WHAT YOU WILL DO: Repeat the data word for word, excluding every picture.

THE DATA:
^^^^

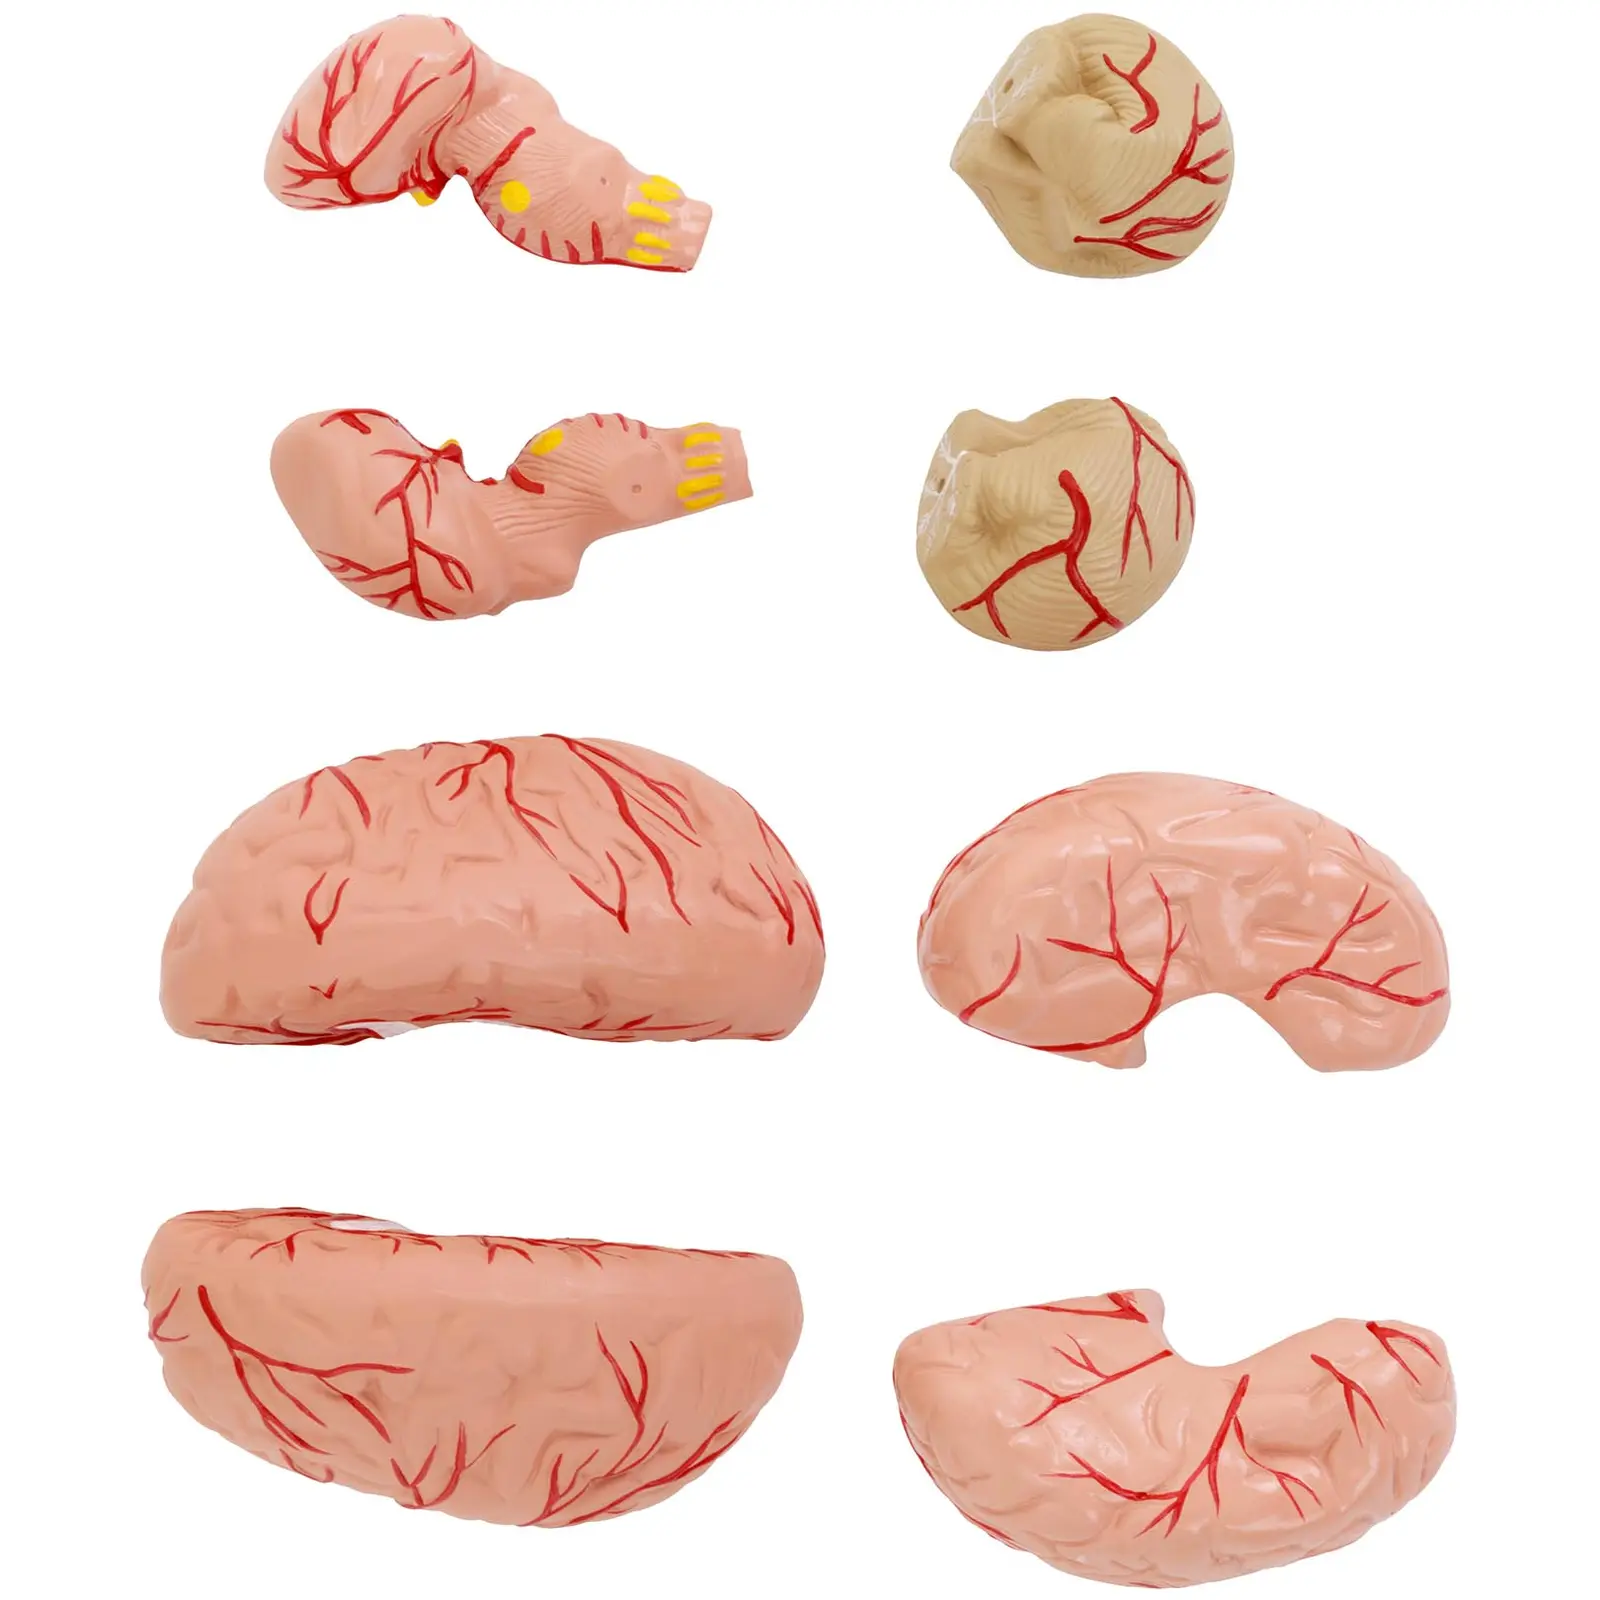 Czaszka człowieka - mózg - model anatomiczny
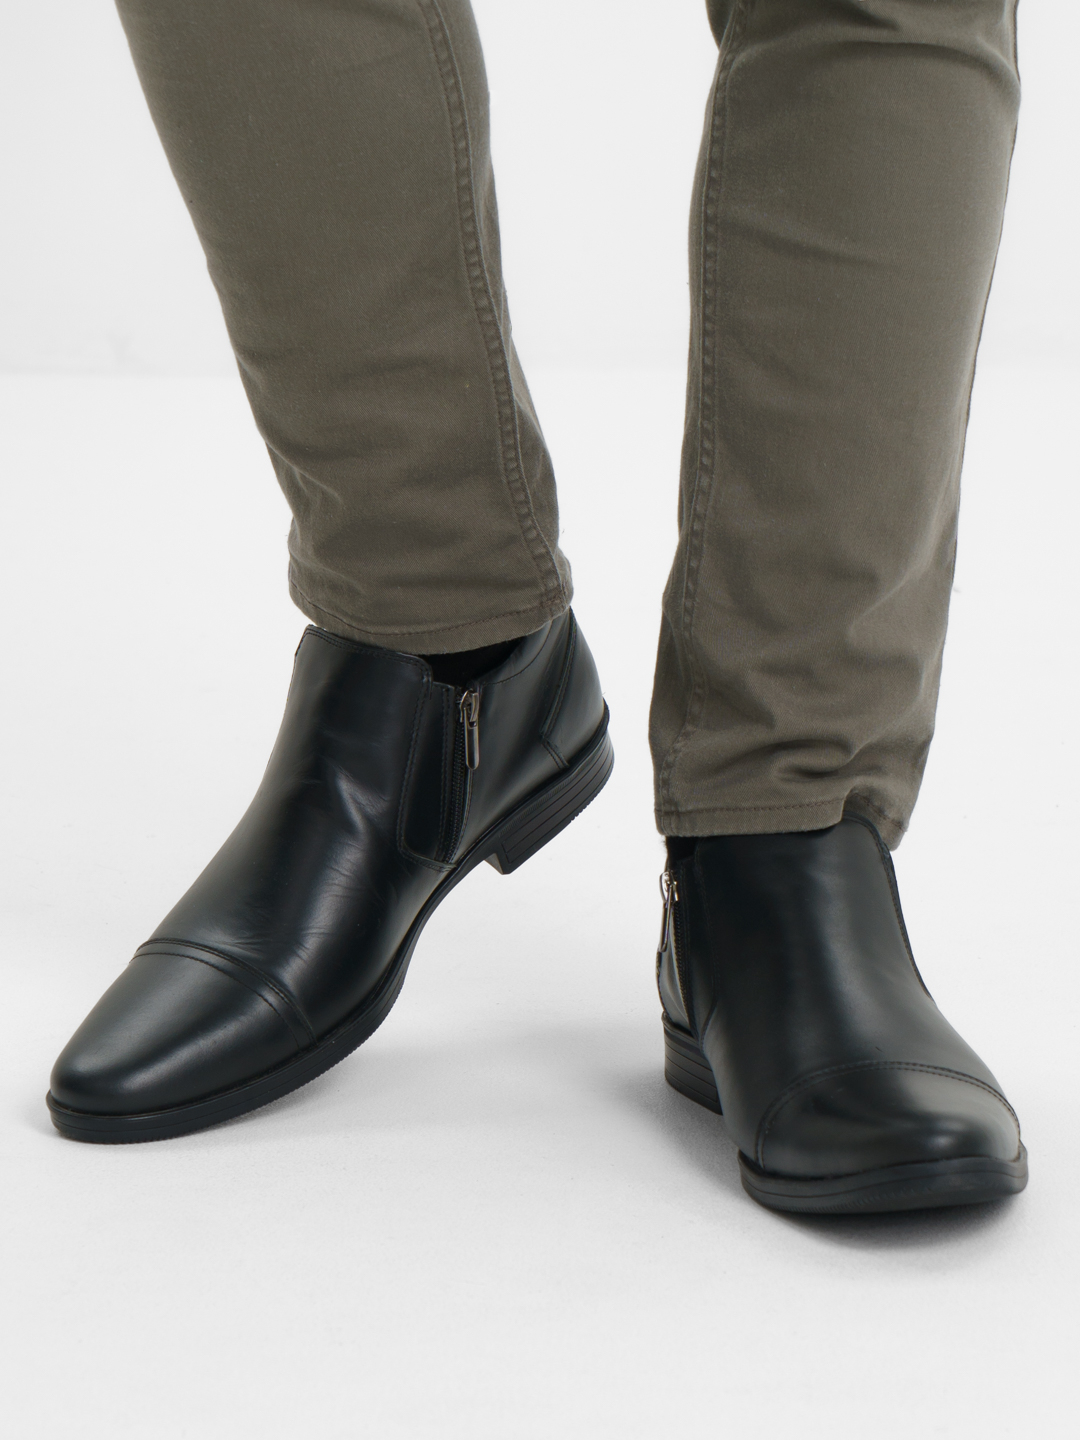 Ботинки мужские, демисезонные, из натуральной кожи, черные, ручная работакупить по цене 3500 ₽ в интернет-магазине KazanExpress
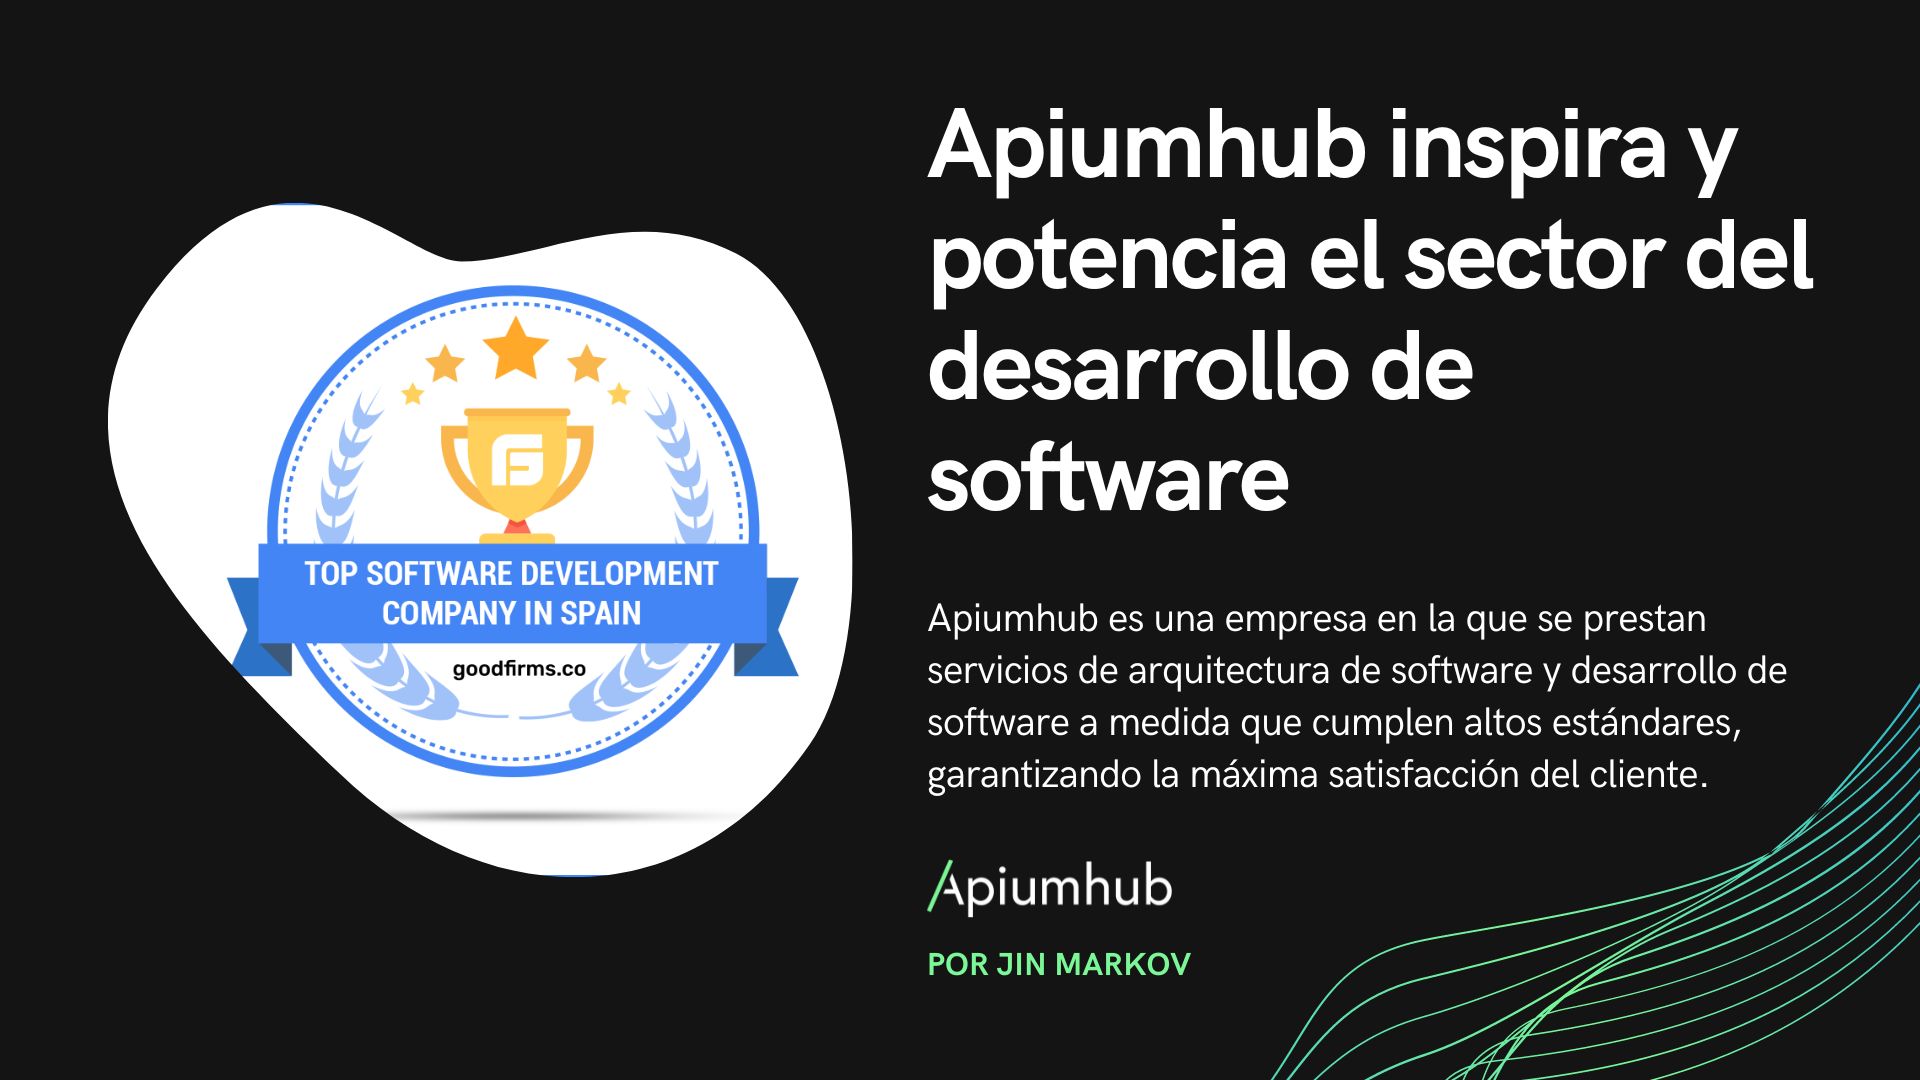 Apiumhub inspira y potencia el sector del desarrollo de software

^^^^

OUTPUT:
 Czaszka człowieka - mózg - model anatomiczny
 Ботинки мужские, демисезонные, из натуральной кожи, черные, ручная работакупить по цене 3500 ₽ в интернет-магазине KazanExpress
 Apiumhub inspira y potencia el sector del desarrollo de software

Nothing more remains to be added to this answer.